Billiard simulation - part 1: model and animation

April 28, 2013 at 6:25 PMMichele Mottini

The simulation model is pretty straightforward: the table is just a rectangle, represented by the coordinates of its top left corner and its width and height; the balls are spheres, represented by the position of their center \(\vec p_k=(x_k, y_k)\), their velocity \(\vec v_k=(v_k, w_k)\) and their radius \(r_k\) – where \(k\) is the index identifying the ball.

Billiard table with balls

I kept the radius as a property of each ball instead than a global parameter, to be able to model balls of different size.

This is just the geometrical part of the model; I’ll introduce additional parameters for the physics part (mass, friction, restitution) as I develop the physics model.

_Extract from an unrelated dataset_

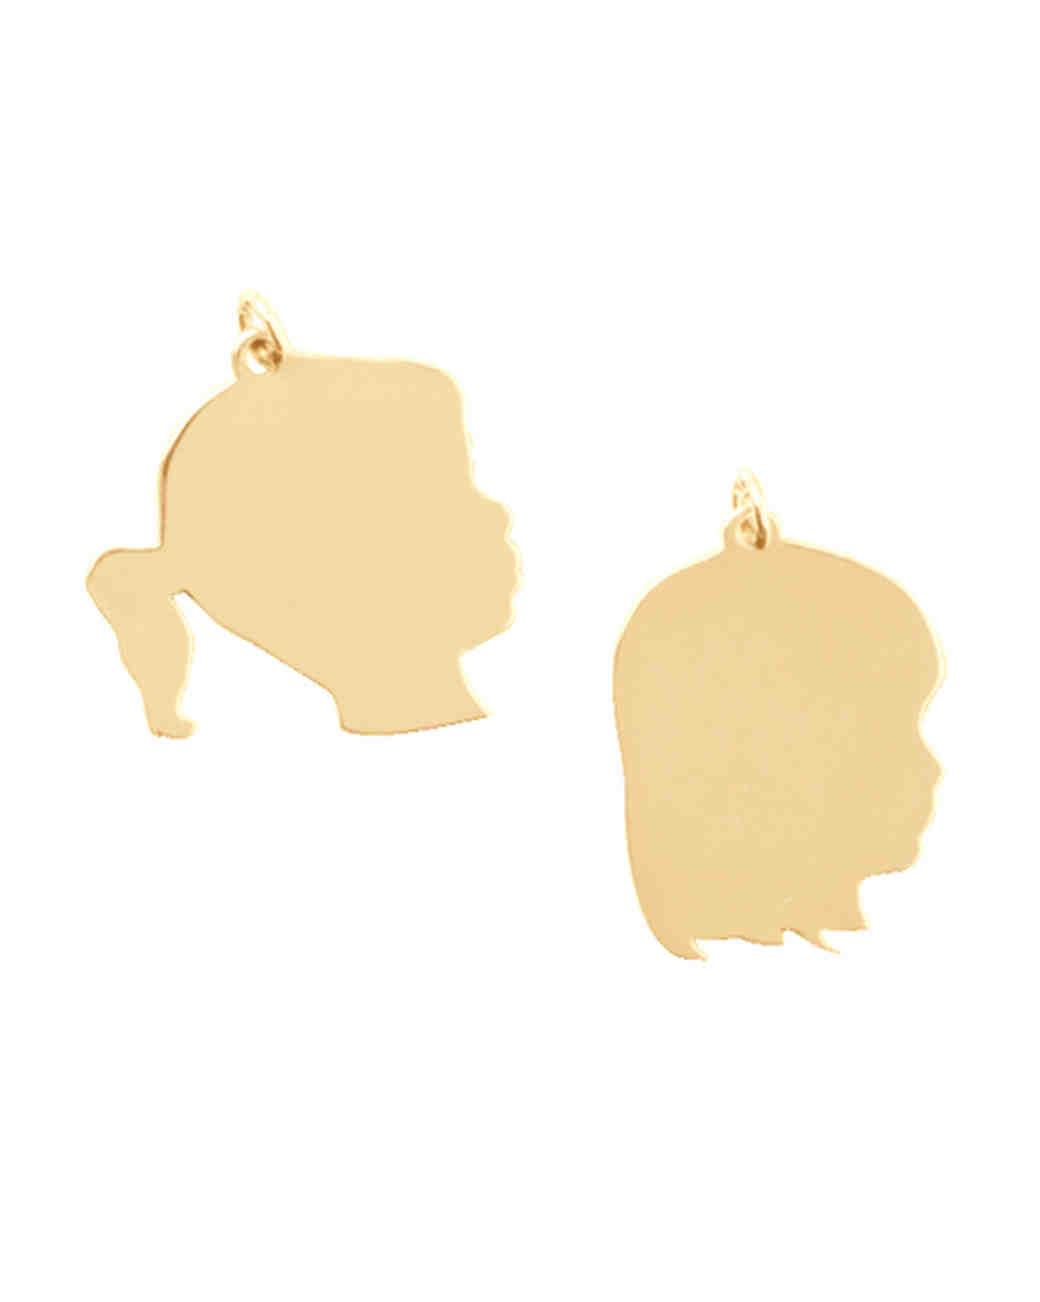 silhouette-necklace-007-d112465.jpg

The animation logic is simple as well: the screen needs to be updated with a certain frequency – let’s say 30 times a second to provide a smooth display. To do this a timer calls an update function every \(\Delta t = 1/30\) seconds, and this function computes the new positions of all the balls and then re-draws everything.

The update function has to compute the change of the balls positions in the \(\Delta t\) seconds elapsed since the last update. For a ball moving freely this change is simply its velocity times \(\Delta t\). The balls do not move freely though: they can hit other balls or the sides of the table, and every time there is a collision the velocity of the colliding balls(s) changes. The complete update algorithm then is:

  1. Compute the time \(t_{min}\) of the first collision(s)
  2. If \(t_{min}\)  is equal or greater than \(\Delta t\) then move all the balls freely for \(\Delta t\) seconds and we are done (no collisions to consider)
  3. Otherwise: move all the balls freely for \(t_{min}\) seconds
  4. Compute the new velocities of all the balls that collide
  5. Repeat from (1), reducing \(\Delta t \) to  \(\Delta t – t_{min}\)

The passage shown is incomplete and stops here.